Following is another solution using k-map.
Given F$\left (x,y,z \right )$ = $\left ( x + y + z \right )\left (x’ + y\right )\left ( y’+z \right )$ in P.O.S form
Converting to S.O.P form we get
$\left (x’ y’ z’ \right )+ \left (x y’\right ) + \left ( yz' \right )$.
Now we can plot a k-map and put 0’s for the above S.O.P expression
To understand more about plotting max terms in a k-map, check https://www.allaboutcircuits.com/textbook/digital/chpt-8/minterm-maxterm-solution/
Now, we have marked the max terms in the k-map.

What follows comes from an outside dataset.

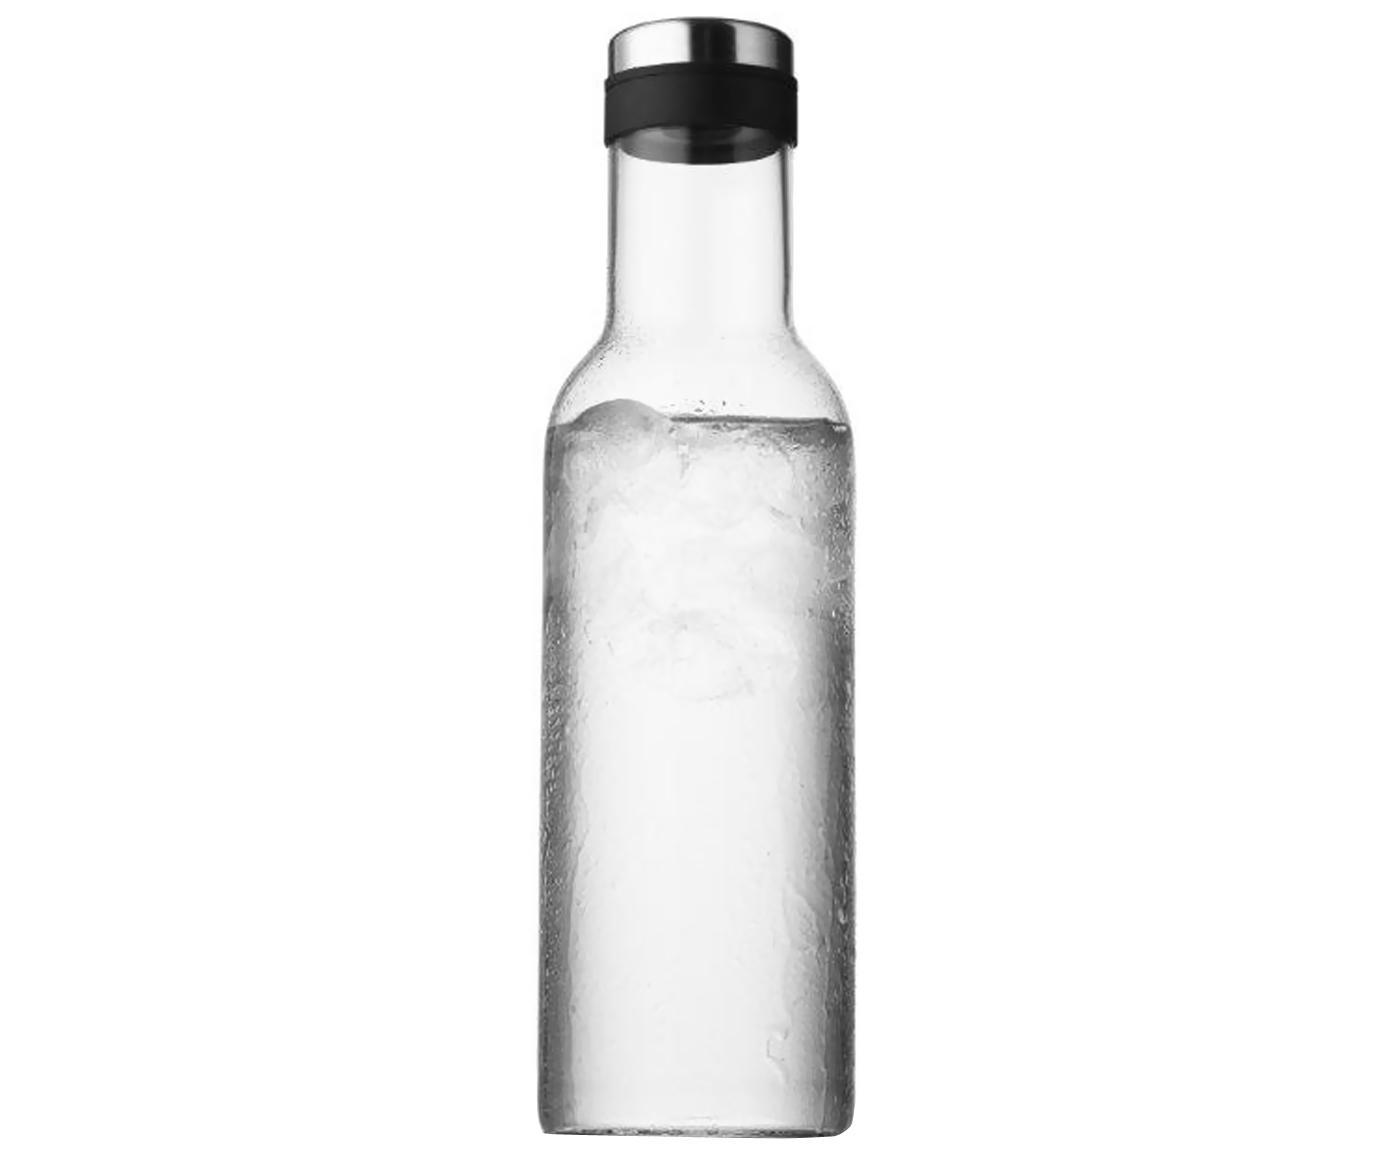 Karaffe Norm mit silbernem Deckel, Glas mundgeblasen, Silikon, Transparent, 1 l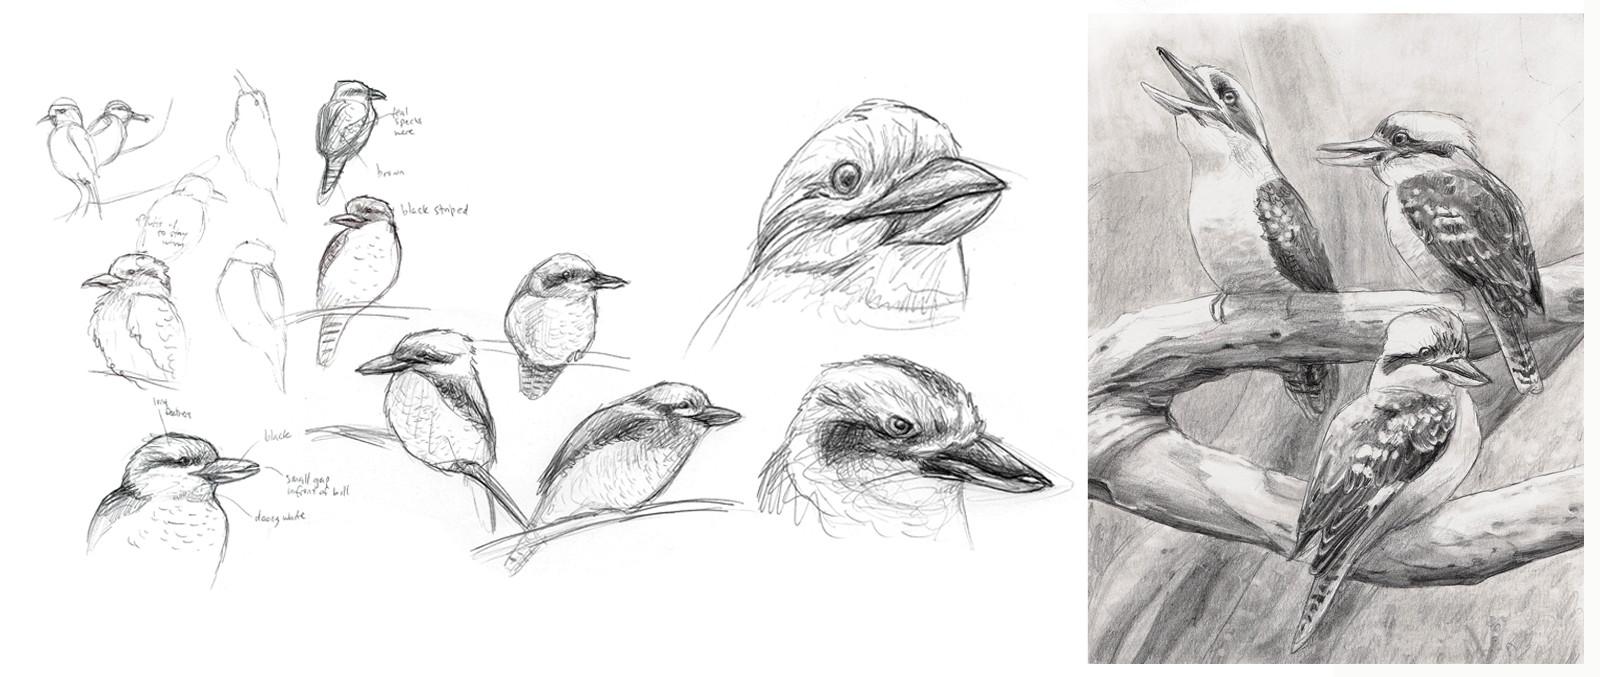 Alina godfrey kookaburra sketches

Now, objective is to find F’
From the above k-map, F’ can be easily computed by grouping 0s instead of 1s. Grouping 0s give the complement of F in S.O.P form. Now, check the options
Option #B is evident from the map by grouping 0’s ( we get S.O.P form )
Option #C is same as option #B but expressed in P.O.S form
Option #D is also possible if we don't do a grouping of 4 0’s
For Option #A , look at the k-map for 1s. Given F can be expressed as a sum of minterms = $\sum$( m1, m3, m7 )
For complement of F, find the missing minterms out of the 2^3=8 minterms possible.We have $\sum$( m0, m2, m4,m5, m6)
F’ = $\sum$(m0,m2,m4,m5,m6)
Expressing this in P.O.S form , $\prod$(M1,M3,M7) which is $\left (x +y’ + z’ \right )\left ( x+ y’ + z’ \right )\left ( x’ + y’ + z’ \right )$ which is not equivalent to option #A.
So,correct answers are options B, C, D